And one thing it can't buy you is a Yale degree, as is clear from a story
in this morning's New York Times, first reported in Friday's Yale
Daily News.
Kudos to Richard Levin, a distinguished economist and for a decade and a
half (now an almost unheard of tenure as an educational CEO) president of
Yale University, for having bucked the trend in which American educational
institutions -- and the Louvre! -- lease out their names and reputations to
oil-rich polities in the Middle East. This match was supposed to be
between Yale and Abu Dhabi, one of the mini-states in the Gulf that has an
insanely wealthy minority indigenous population but whose brains and
muscles are those of woefully underpaid foreign workers.
Actually, it was almost becoming a joke. So many American universities
setting up shop in so many foreign societies.

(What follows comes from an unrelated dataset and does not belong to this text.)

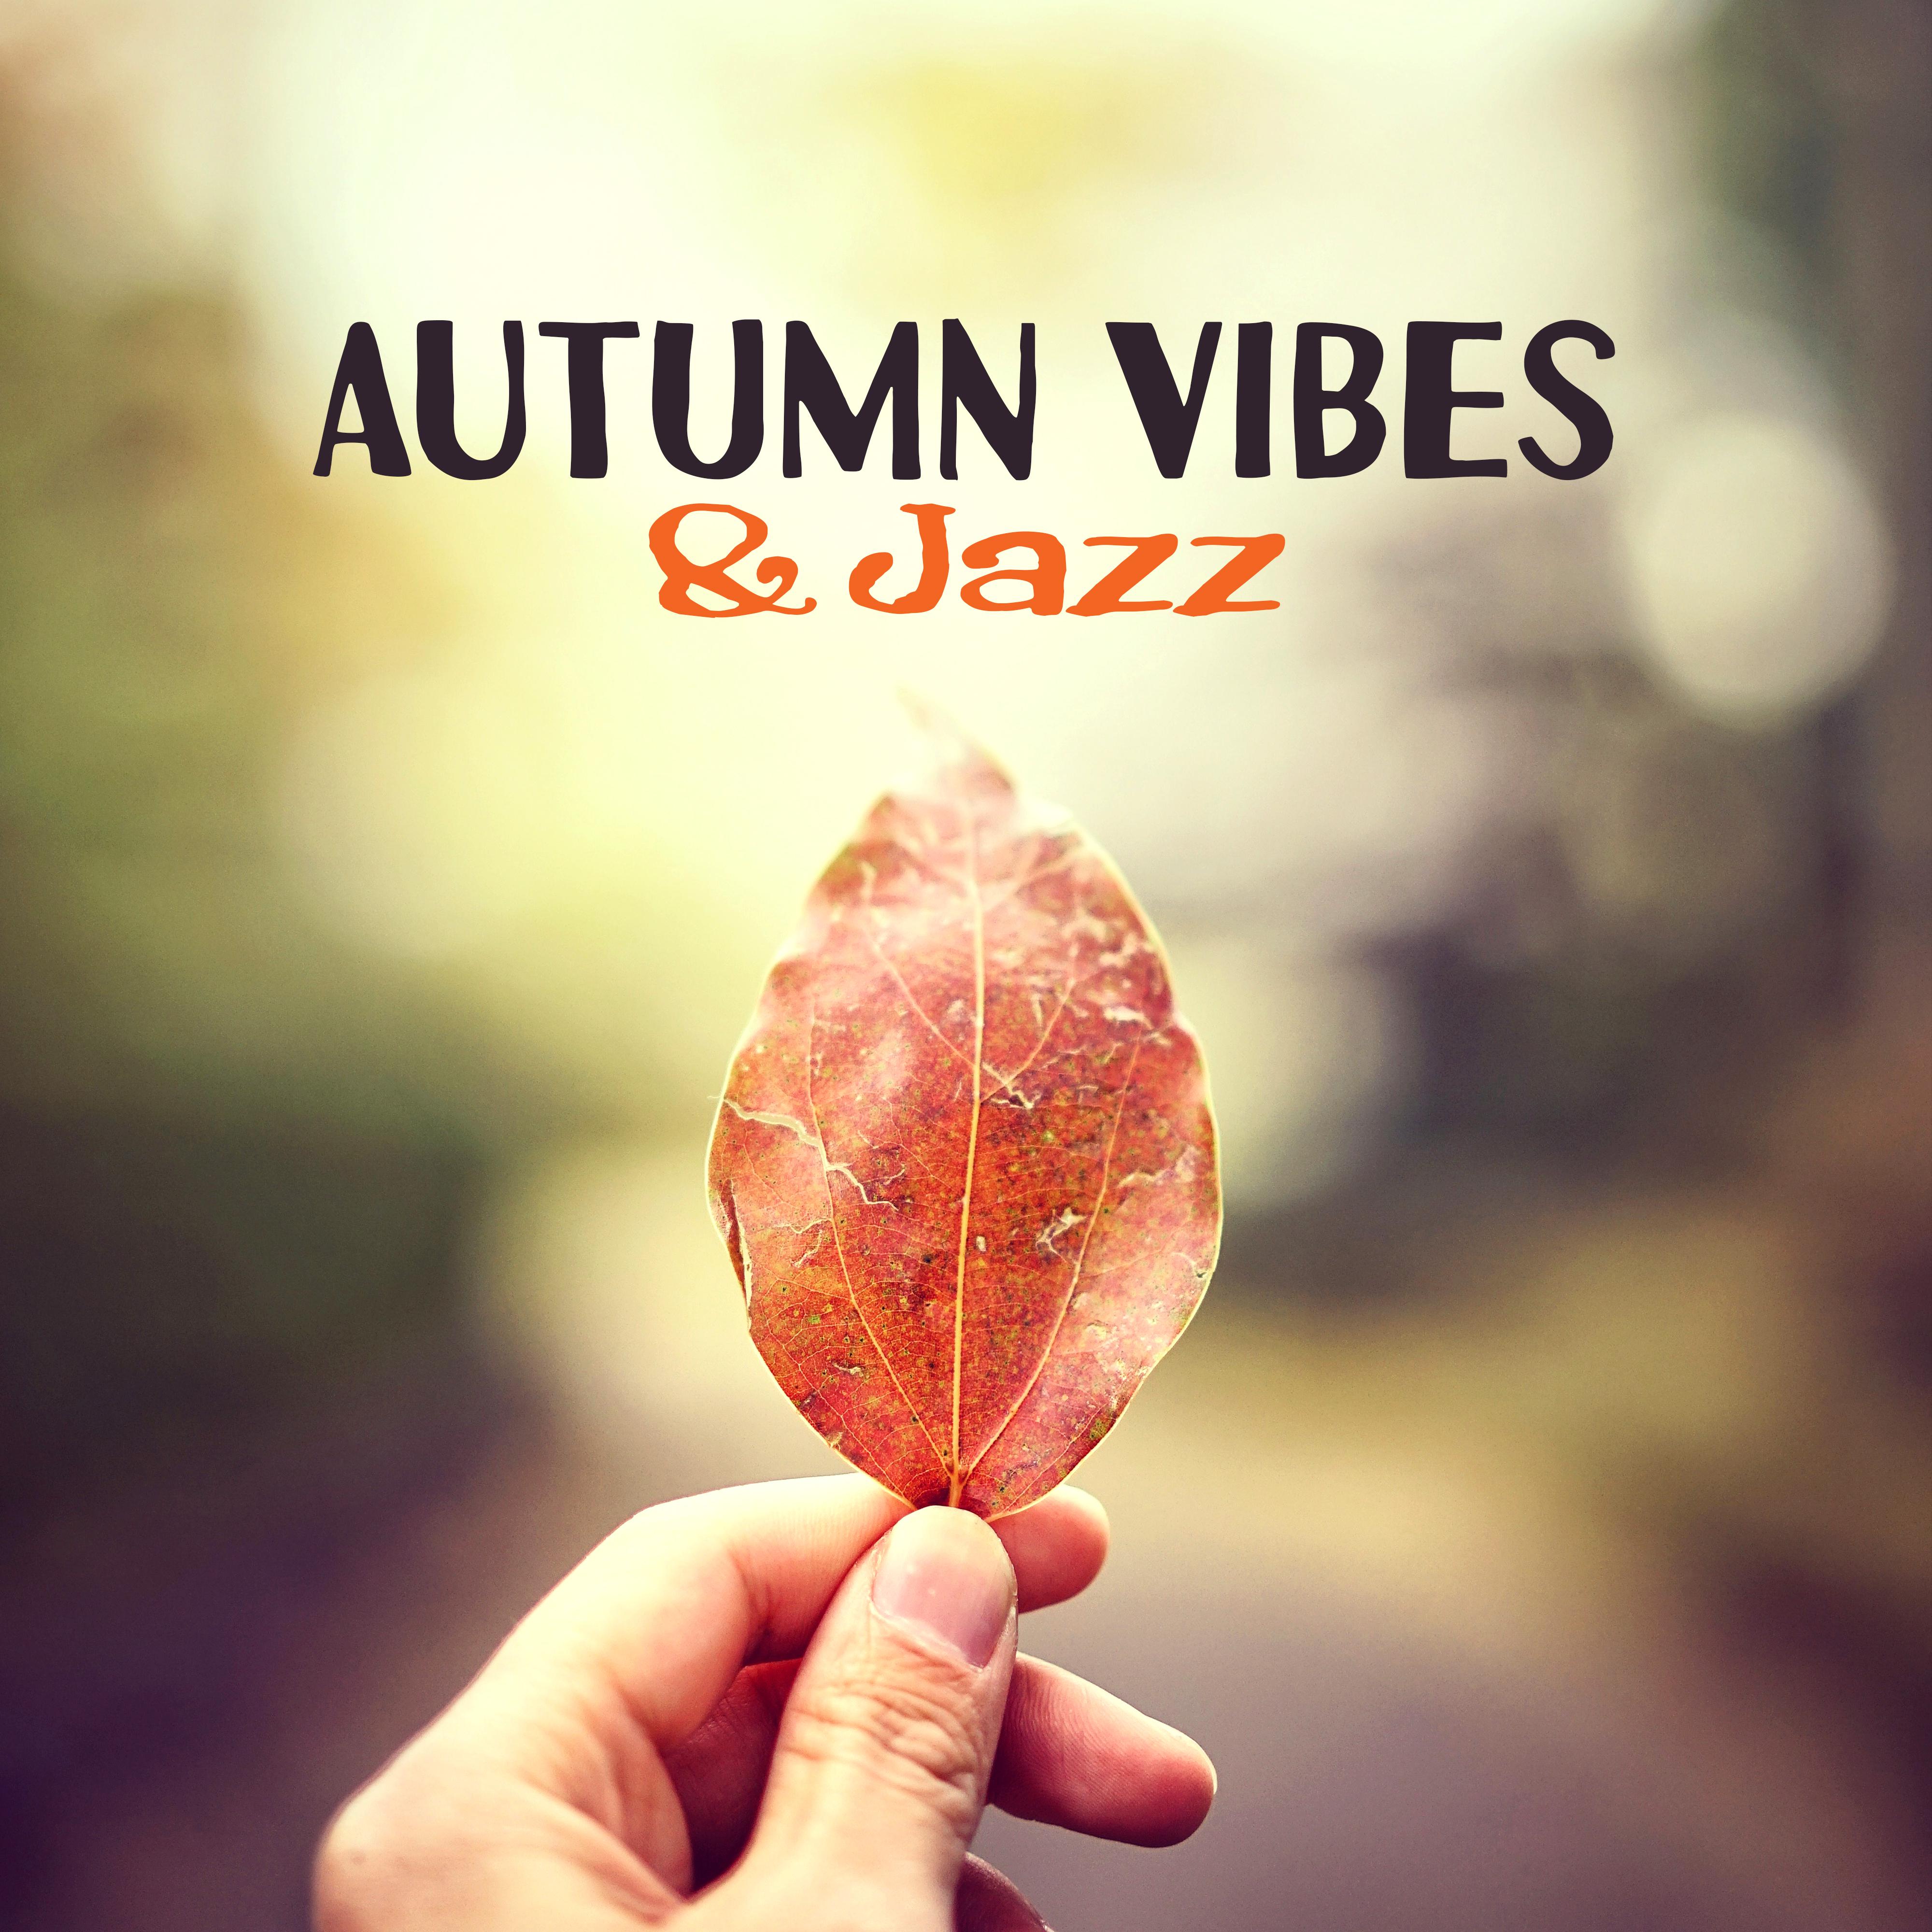 Autumn Vibes  Jazz  Melancholy Jazz, Instrumental Music, Smooth Jazz, Cafe Music, Chilled Mood
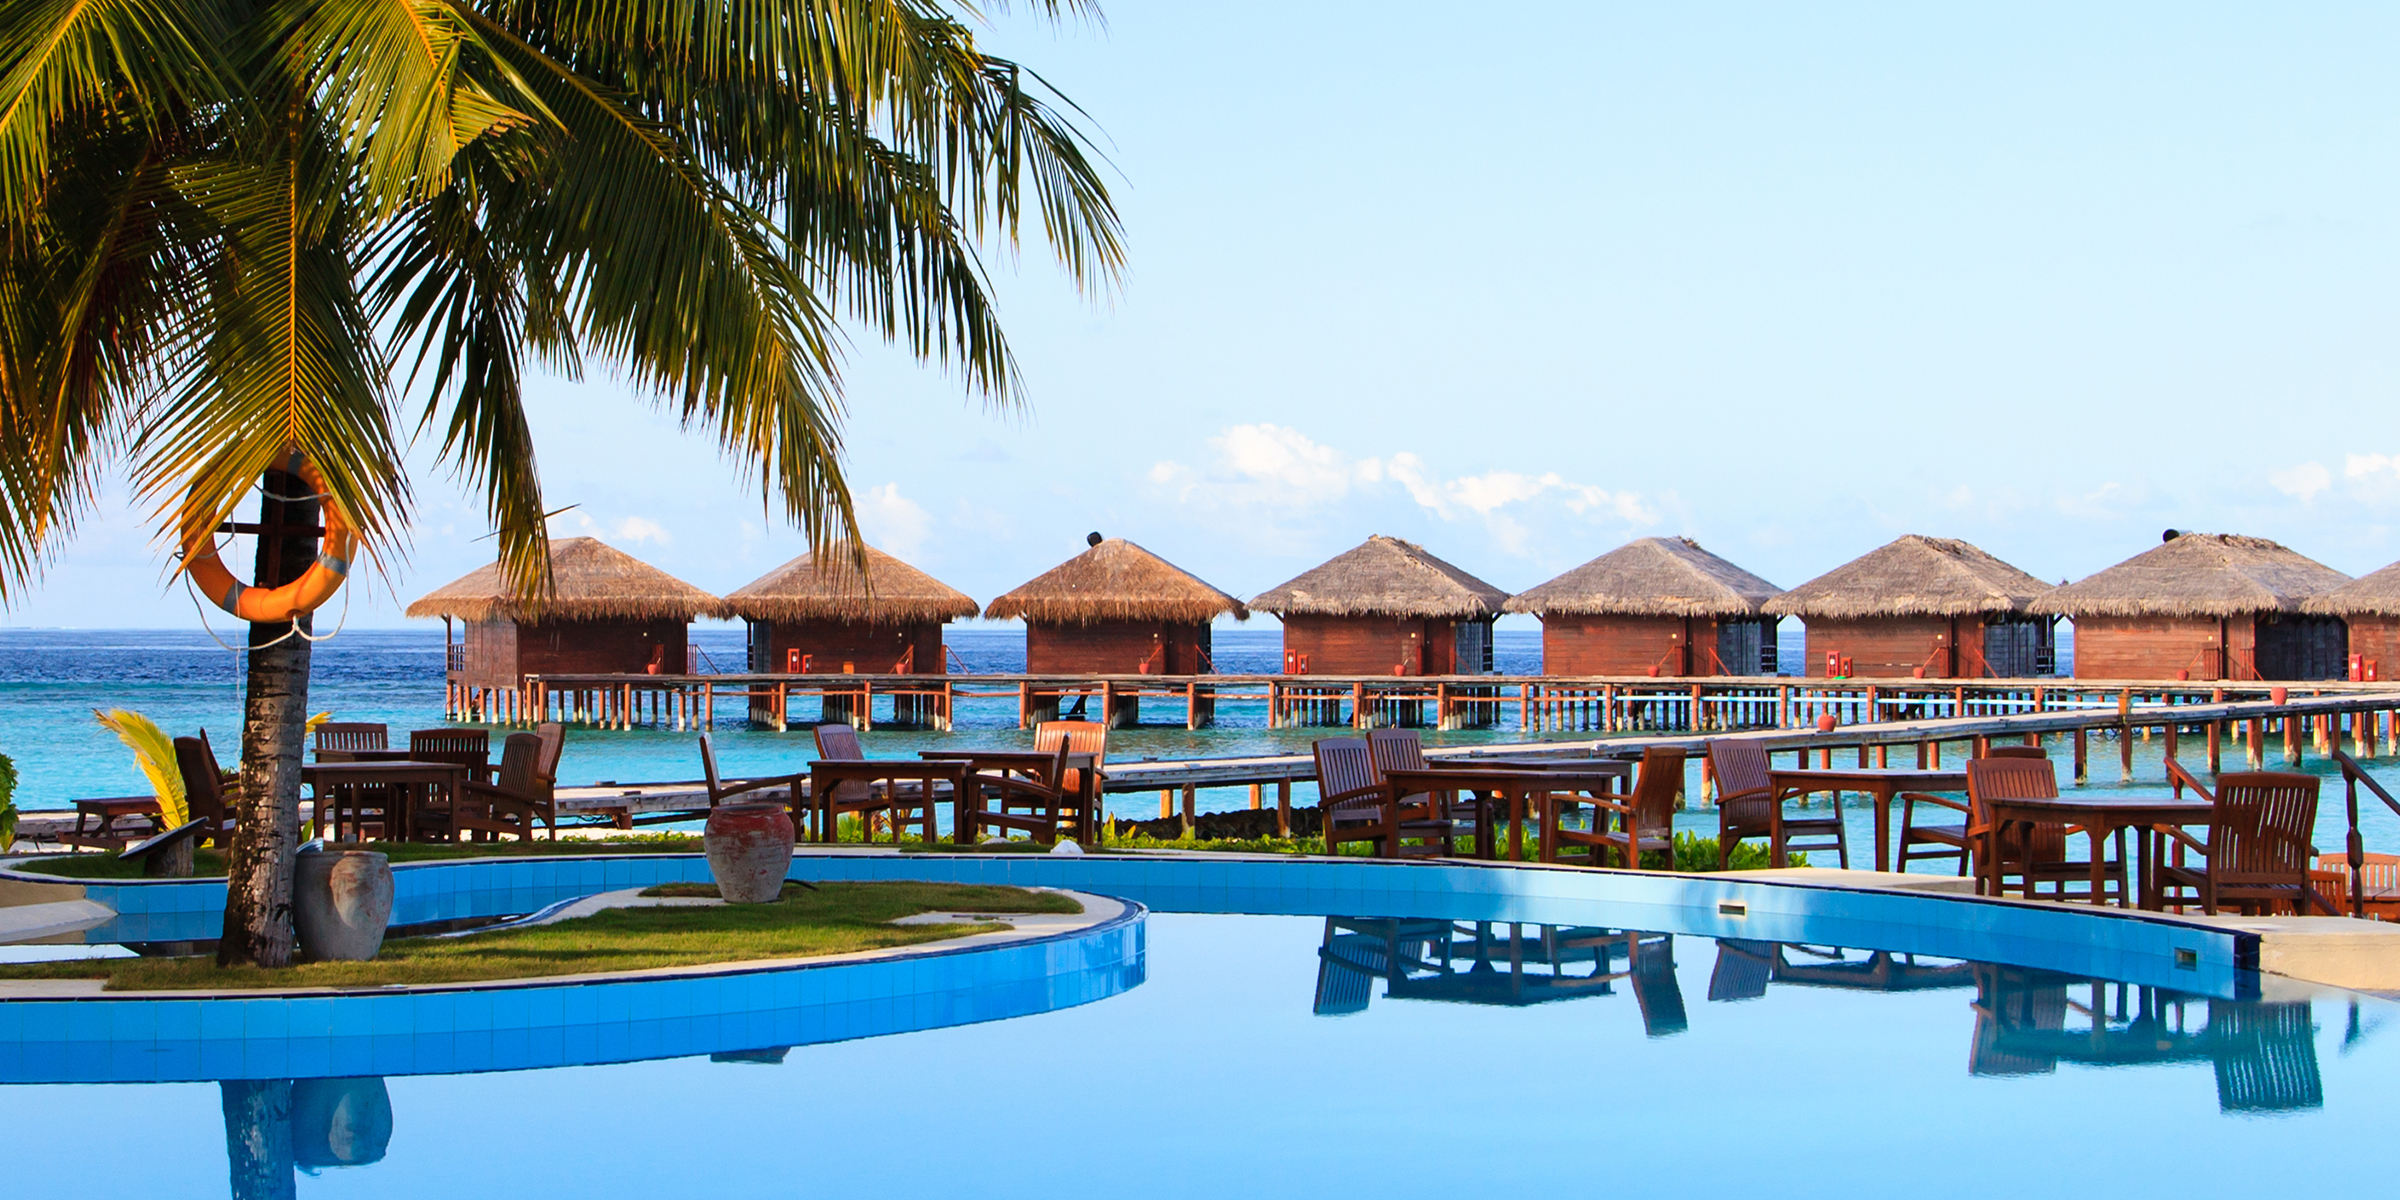 Island resort | Source: Shutterstock

Now, Yale has had an educational presence in China since the 1830s, save
for the three tempestuous decades from 1951 to 1980. Motivated at first by
Christian missionary impulses, Yale ultimately ran a medical school in
China as well as other academic ventures to which it had no hesitation in
attaching its imprimatur, precisely because it was much more than its
imprimatur that legitimated the activities carried out in its name.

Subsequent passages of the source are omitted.